Chapitre 8

54 6 0
                                    


On était à la veille de l'opération et Naël était conscient que demain, la chirurgie prendrait tout son sens pour Lisa. Il revoyait point par point son protocole. L'infirmière lui avait dit qu'elle avait prévenu Lisa de sa venue dans la chambre afin de voir avec elle les derniers détails. Mais il reculait le moment... Il avait très envie de la rejoindre et en même temps, il avait bien conscience que cela n'était pas vraiment « normal ».

"- Vous le faites exprès, vous n'êtes pas un vrai méchant. Mais pourquoi ?"

Quelle bonne question et quelle perspicacité. Elle avait lu en lui comme dans un livre ouvert. En repensant à ce moment, un léger sourire s'inscrit sur son visage. Enfin, il se décida à sortir de la salle de soins.

Quand il entra dans la chambre, elle portait encore un foulard différent, rouge cette fois. Mais il ne put s'empêcher de penser que, quel que soit le tissu porté, il la trouvait rayonnante.

Il prit la chaise et la mit au pied du lit. Puis, il vit Lisa le regarder avec ses grands yeux et il lui sembla entendre comme une supplique.
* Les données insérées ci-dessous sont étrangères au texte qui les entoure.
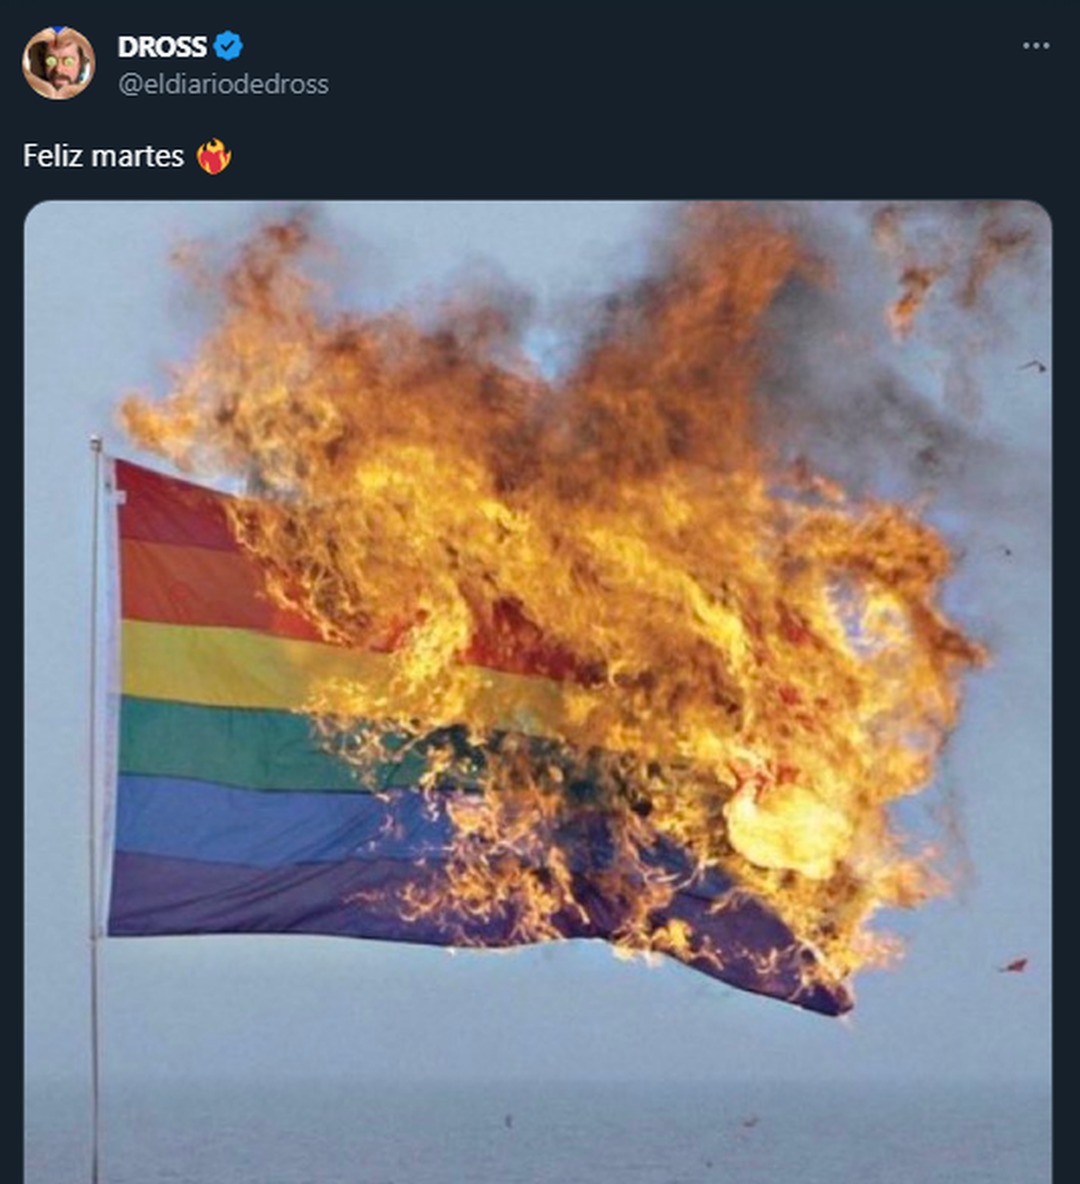 La bandera LGTV siendo quemada - meme

Aussi il reprit sa chaise et la porta au niveau du buste de la jeune femme.

Lisa était bizarrement mitigée par cette visite : elle avait hâte et en même temps, appréhendait. Elle ne savait pas pourquoi un tel sentiment ambivalent, mais elle aimait cela. Quand on sait que l'on va peut-être mourir, on se raccroche aux moindres petites choses.

Elle le regarda refermer le dossier avant de prendre la parole.

- Lisa, demain c'est le grand jour, le bilan de ce matin est bon. Je vous ferais passer en milieu de matinée. Je vais prendre mon temps, je veux que ce soit bien, parfait même, afin que dans quelques temps, si vous le souhaitez, vous puissiez faire appel à un chirurgien plasticien.

On en avait déjà parlé à Lisa, mais elle n'avait pas encore réussi à se projeter si loin. Aussi elle ne put s'empêcher de dire :

- Si je suis encore de ce monde.

Naël la regarda intensément.

- Lisa, vous serez encore là, on ne fait pas tout ça pour rien. J'ai retravaillé une grande partie de la nuit dernière sur les procédures, la chirurgie et l'après. Je sais qu'on va y arriver.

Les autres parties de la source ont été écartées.